Lecture 2 presents some of the major pieces of the Web Services architecture.  In my Cornell course I just don't have time to delve deeply into these or to cover CORBA even at the same superficial level.  But this means that lecture 1 doesn't need to get at all detailed about Web Services or CORBA.

Thus in Lecture 1, your emphasis needs to be on the fundamental question posed in the second half of the material, where I describe two ways of building an air traffic control system and ask what issues one confronts.

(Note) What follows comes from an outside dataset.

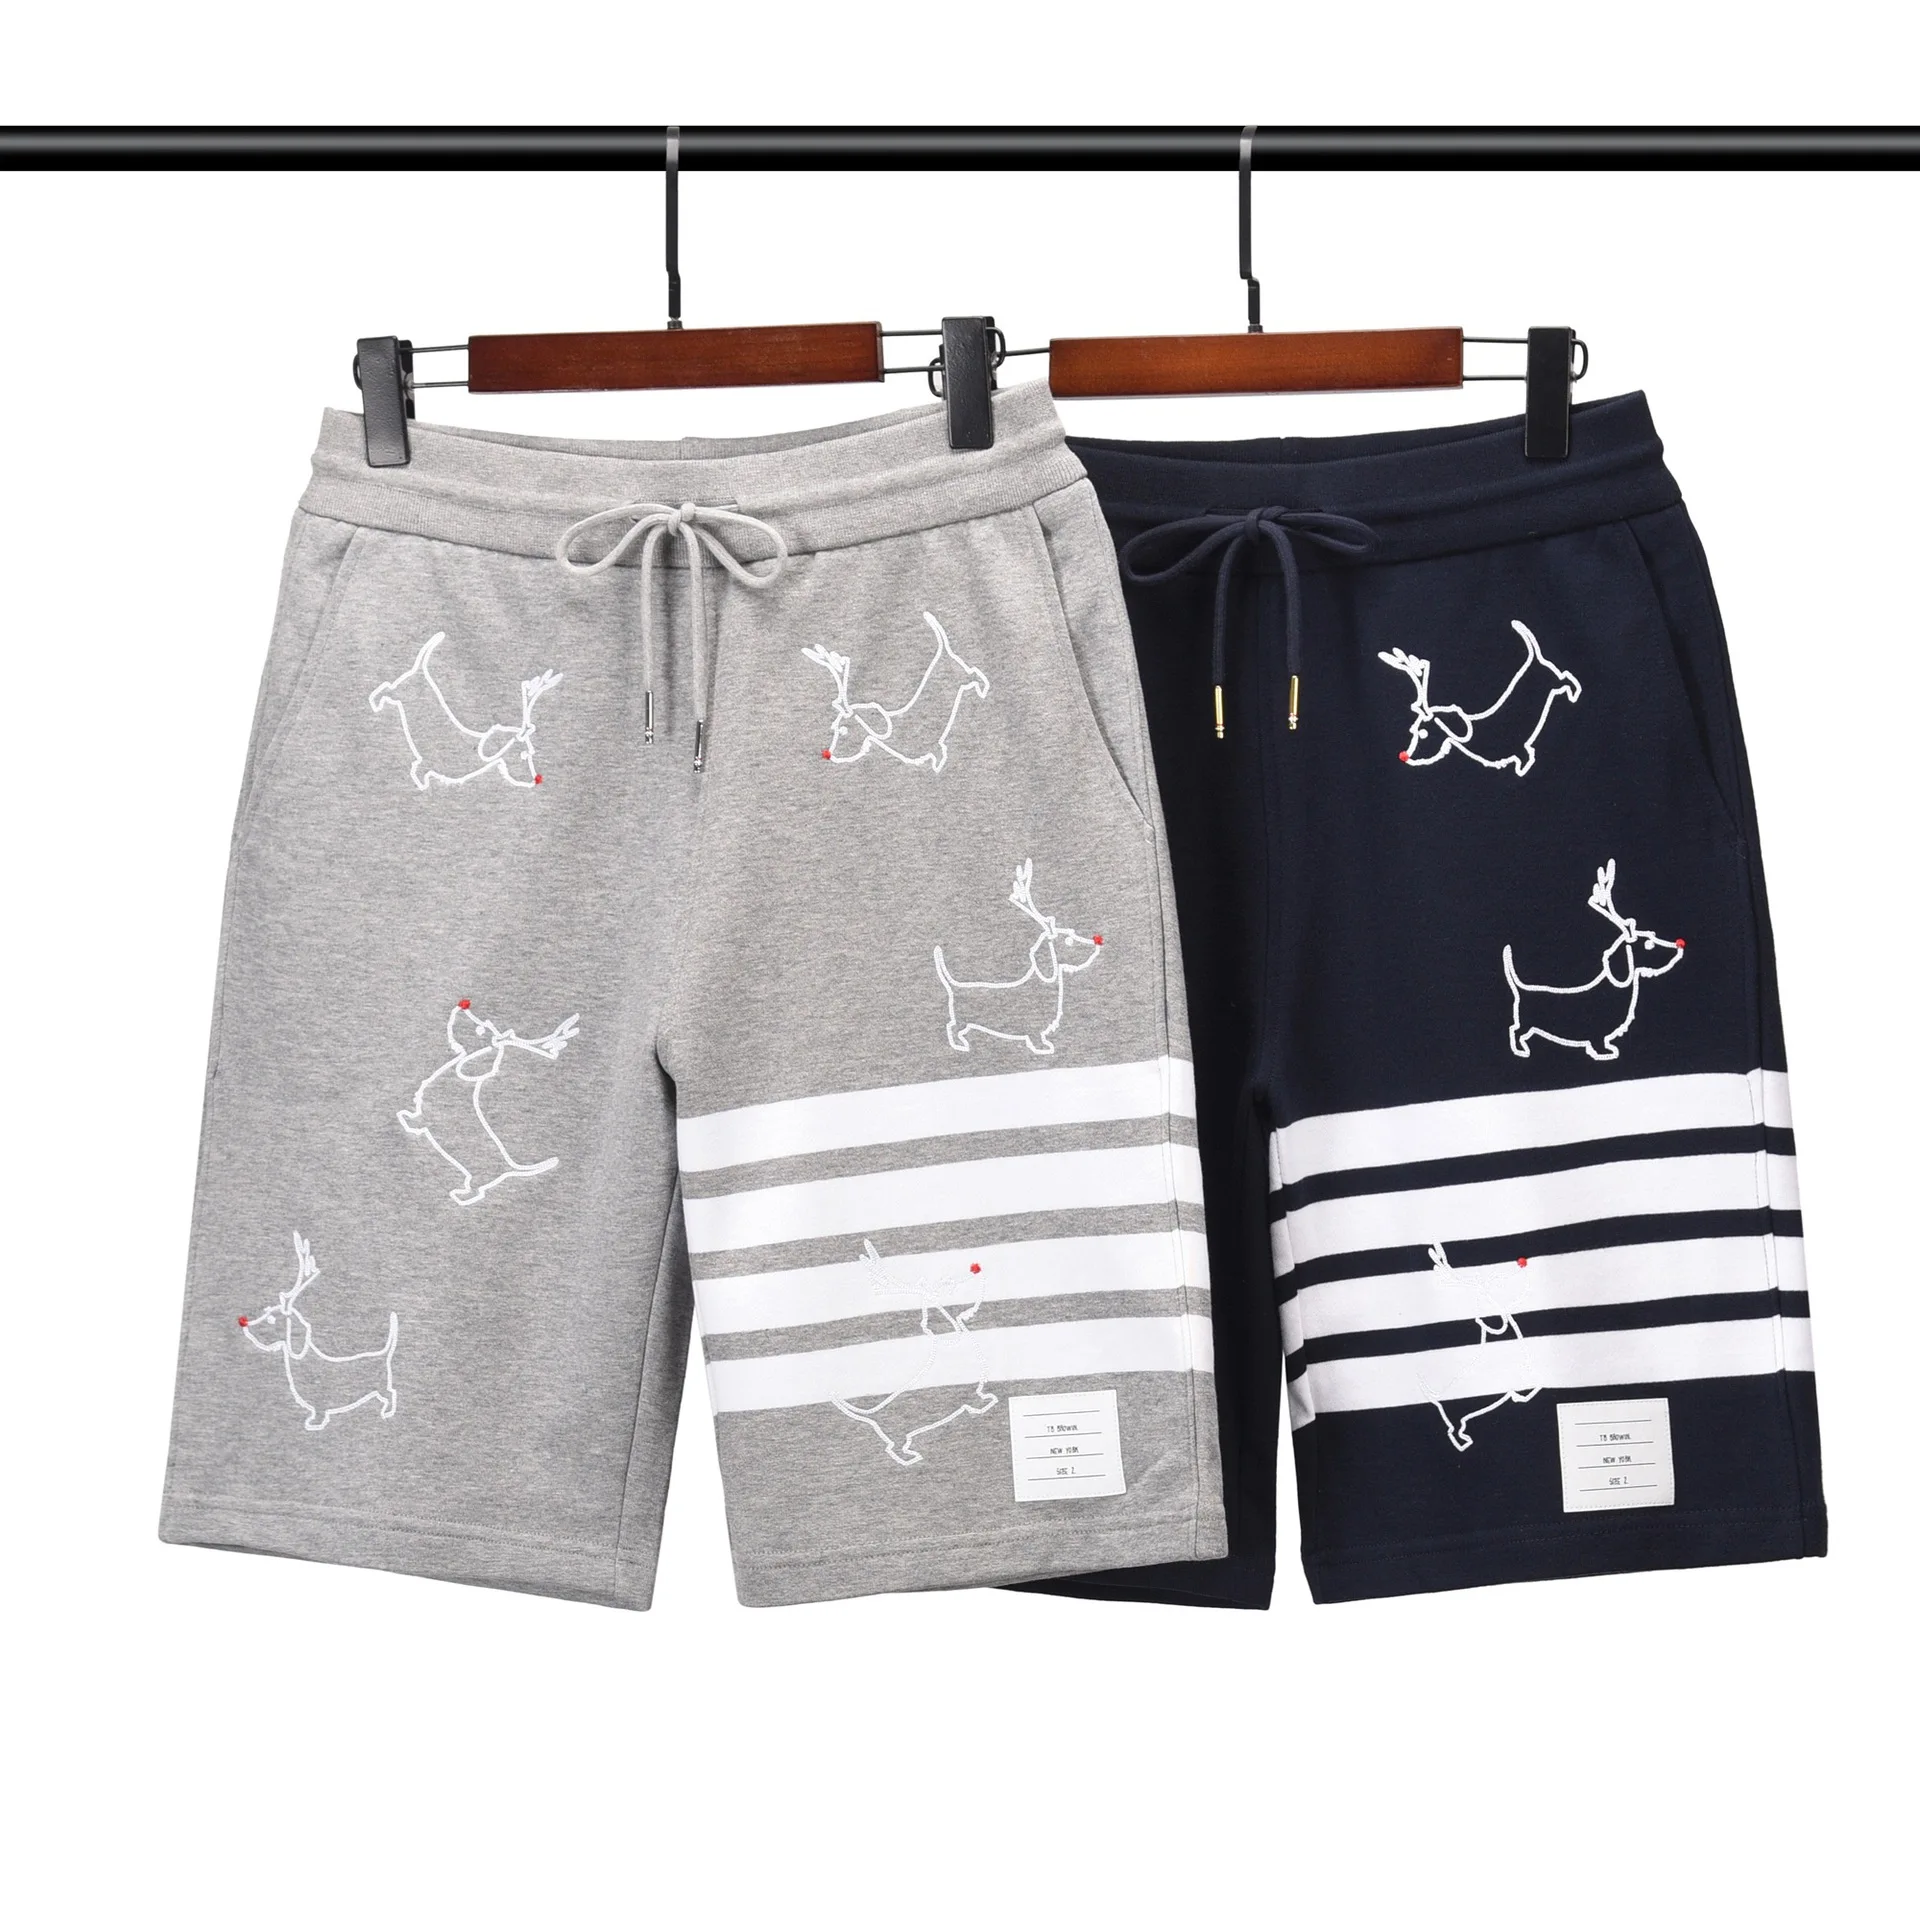 THOM BRUN's new TB Shorts Embroidered new dog summer quarter pants for both men and women

IBM invented a whole new way of programming: componentized, with a scheme for fault-tolerance component replication.  But the methodology was a failure, perhaps because programmers found it unnatural, or perhaps because their multicast was very, very slow, or perhaps because they required deterministic components.  We'll touch on that issue again in Lecture 5.  In a later echo of the same error, CORBA replicates objects in its fault-tolerance specification... and the industry ultimately didn't accept that standard.  Component replication is just a failure.

In contrast the French system replicates data -- not entire components.  A normal looking event-styled program can "join" one or more groups associated with some replicated object, like "status of airplanes in section D-6", and those group members receive the data (state transfer) as of when they join and then see subsequent updates (atomic multicast).  This was a success: a natural programming model, and also a high performance multicast.

It would be good to spend time on this point.  It may not be obvious to a student that we can replicate a whole program (state machine approach) or we can replicate a variable (process group or publish-subscribe approach), so that programs that are not "replicas" of one-another own replicas of that specific variable.  This is an easy idea once you explain it, but it does require explanation.  It represents a non-trivial fork in the road -- State Machines, Paxos, and Consensus all picked the component replication approach, and yet we know it was unsuccessful in the most dramatic attempt to use it, to date -- $6B was lost on the project.  Moreover, you end up with unreasonably slow solutions.

Replicated data, in contrast, can be blindingly fast (literally tens or hundreds of thousands of updates per second, if the code is heavily tuned).  And the models mentioned, like publish-subscribe or process groups, turn out to be remarkably natural and easy to use.  This is a big deal, and projects that went down this path have been very successful.  Not in the sense of transactions -- you don't find these mechanisms everywhere you look.  But they are common in commercial platforms and systems like IBM Websphere are adopting them.

But notice that not just any replication scheme will suffice.  The remainder of the lecture talks about the consistency needs we encounter in these systems, focusing on a primary-backup server scenario (also a form of replication) in which a split-brain problem can arise: the two servers behave inconsistency.  Clearly we must find ways to do replication and fault-tolerance immune to such problems!

At Cornell, I deliver this lecture in about 65 minutes.  Our lecture slots are 75 minutes and I use the last 10 to allow students to form groups for work on the course project.